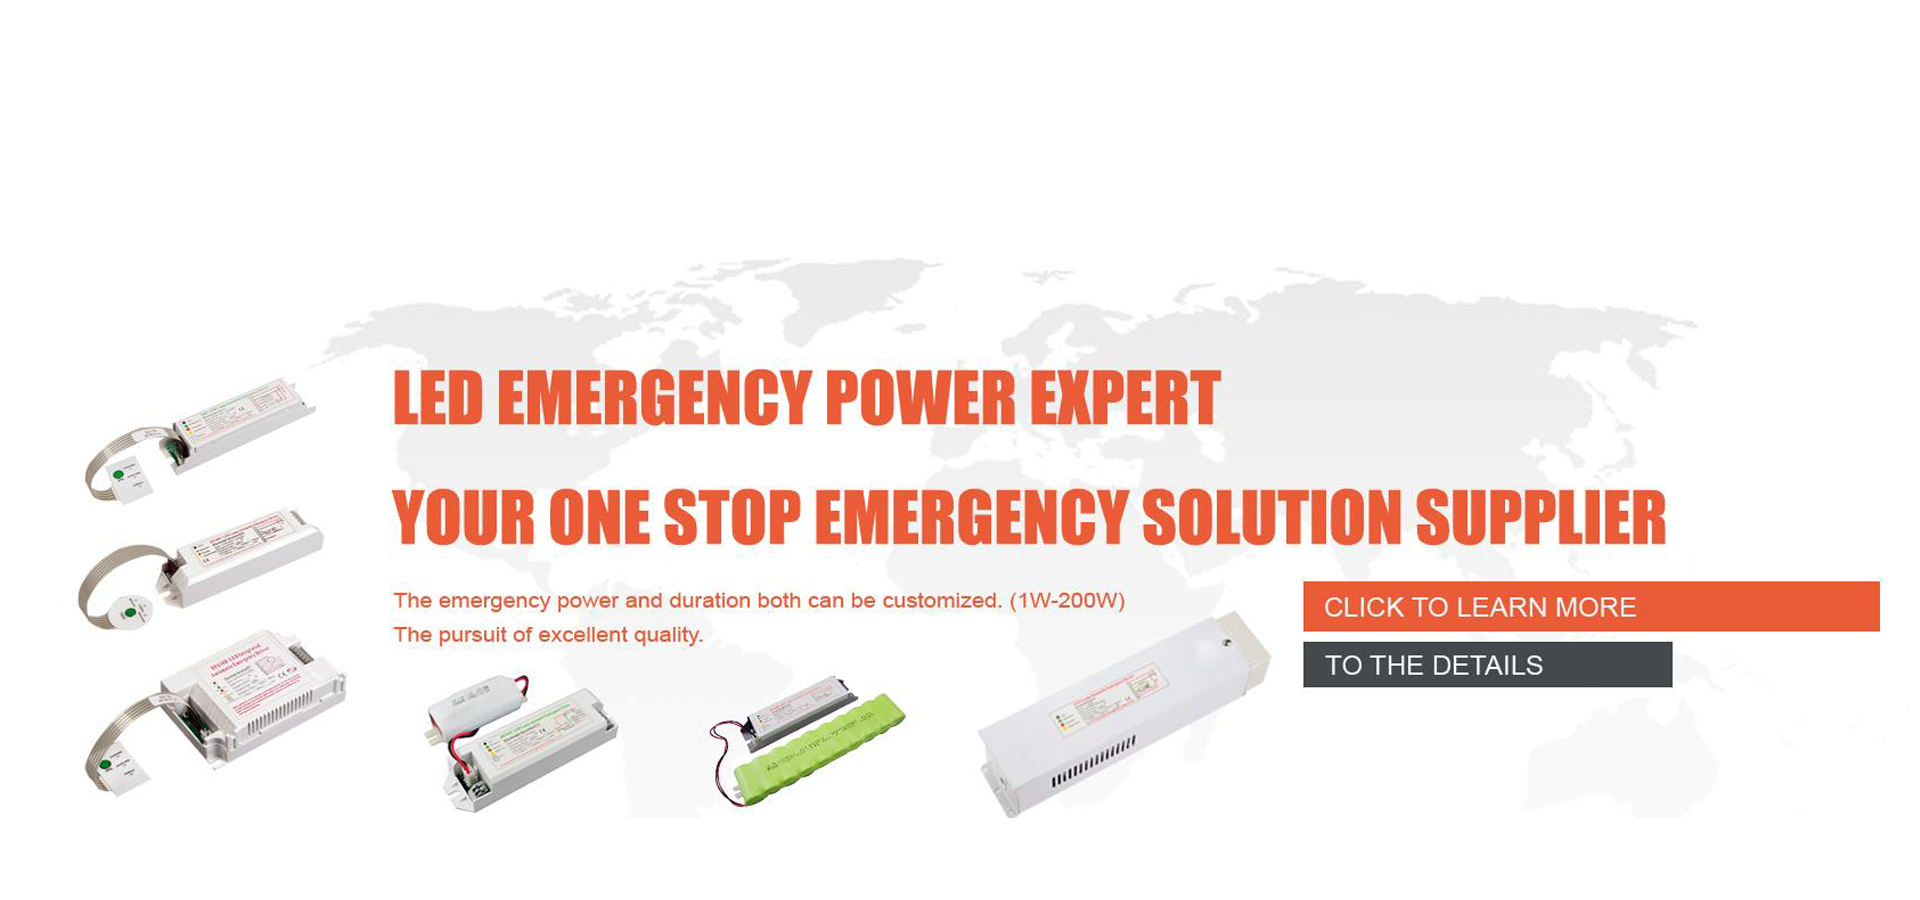 LED EMERGENCY POWER EXPERT KOU KEKAHI HALE EMERGENCY SOLUTION SUPPLIER
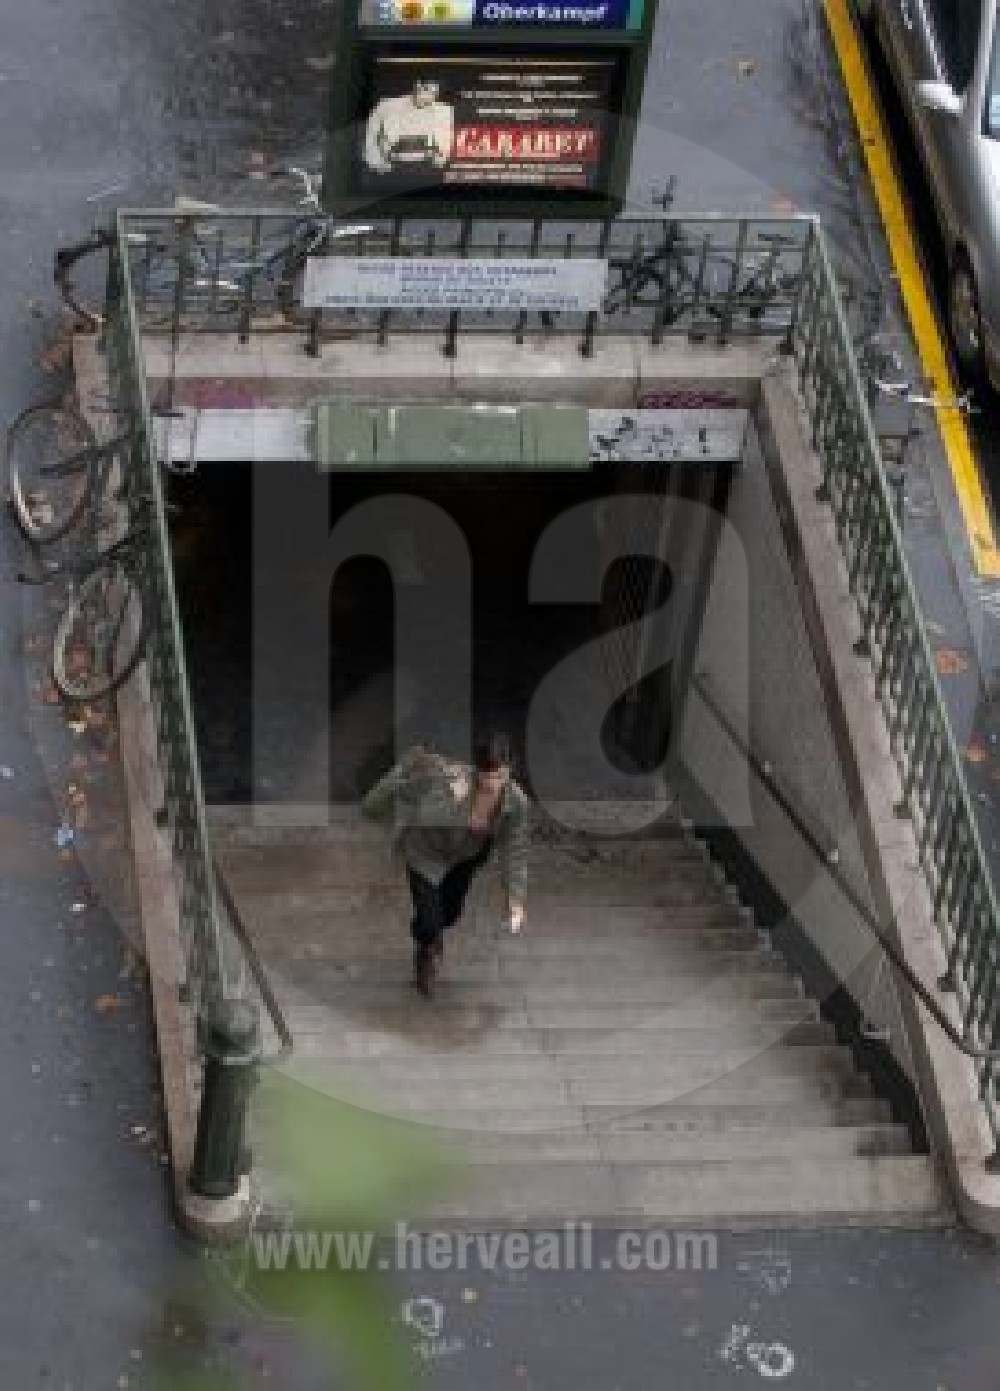 metro oberkampf
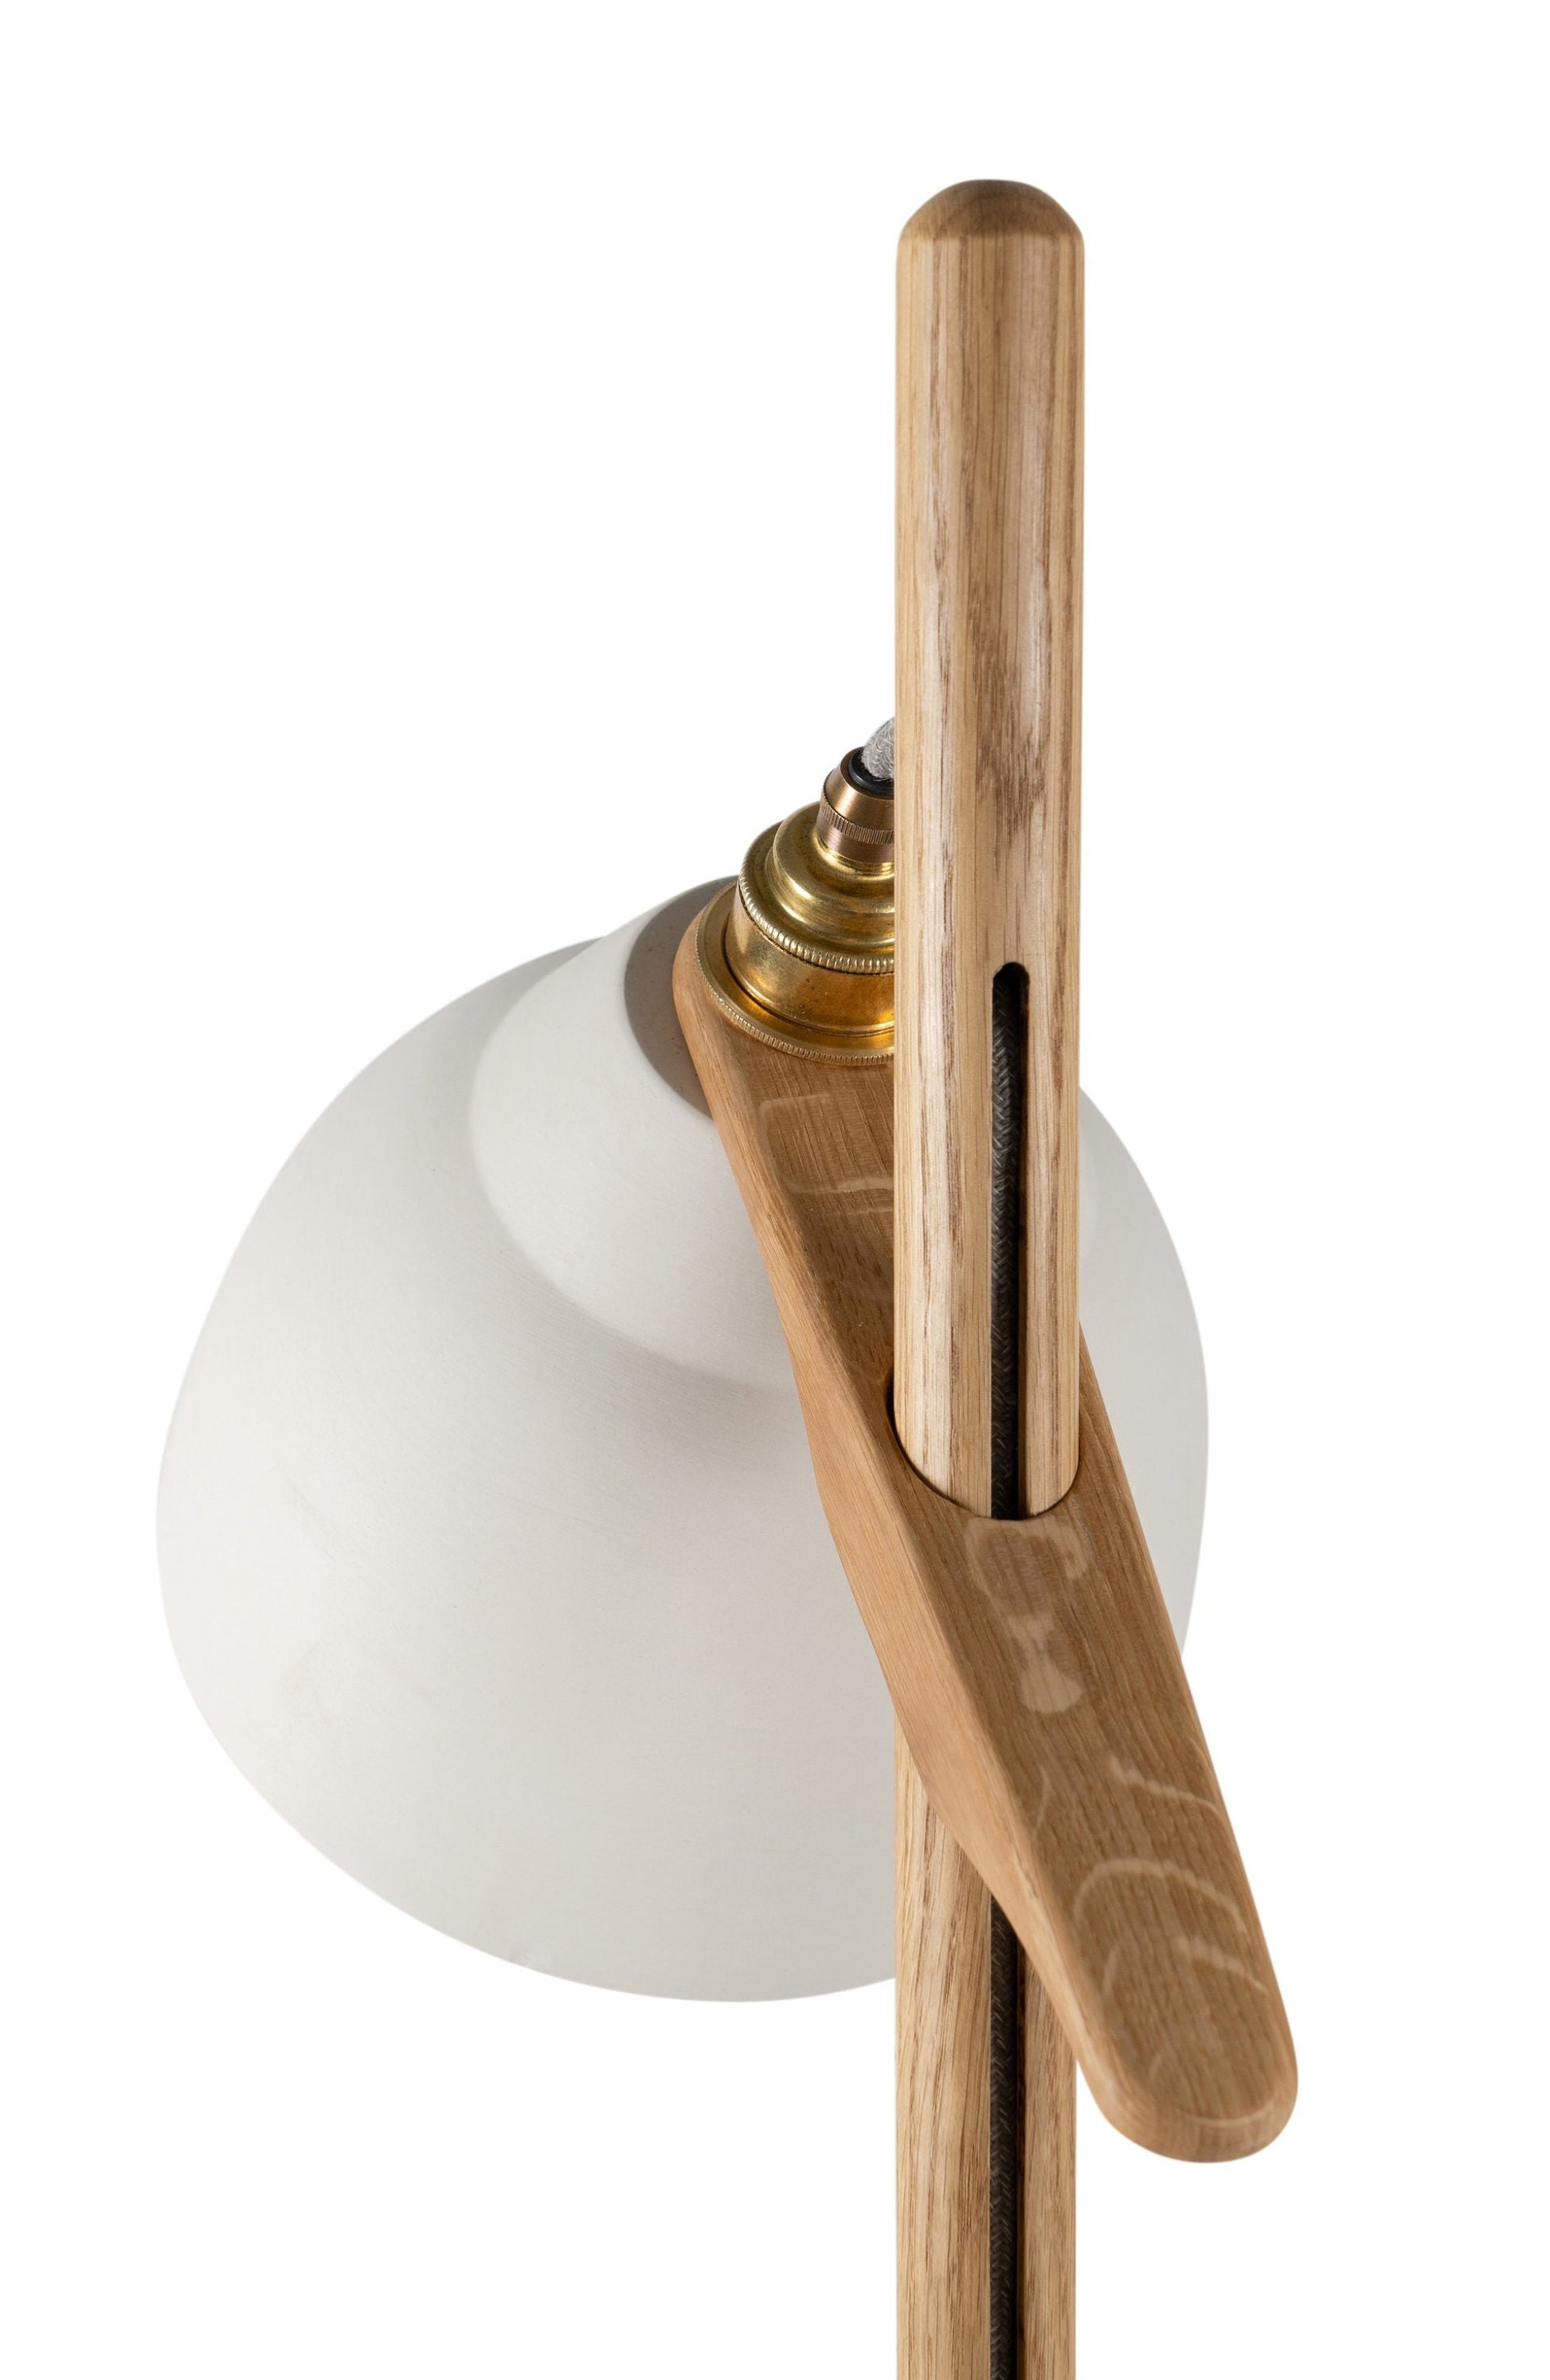 Element Floor lamp in Solid Oak Wood and Ceramic by StudioHaran

(Problem to work on)
Word for word and without pictures, restate only the lines running from the one that contains "metro oberkampf" through the last line of the listing above.

(Response)
 metro oberkampf
 Element Floor lamp in Solid Oak Wood and Ceramic by StudioHaran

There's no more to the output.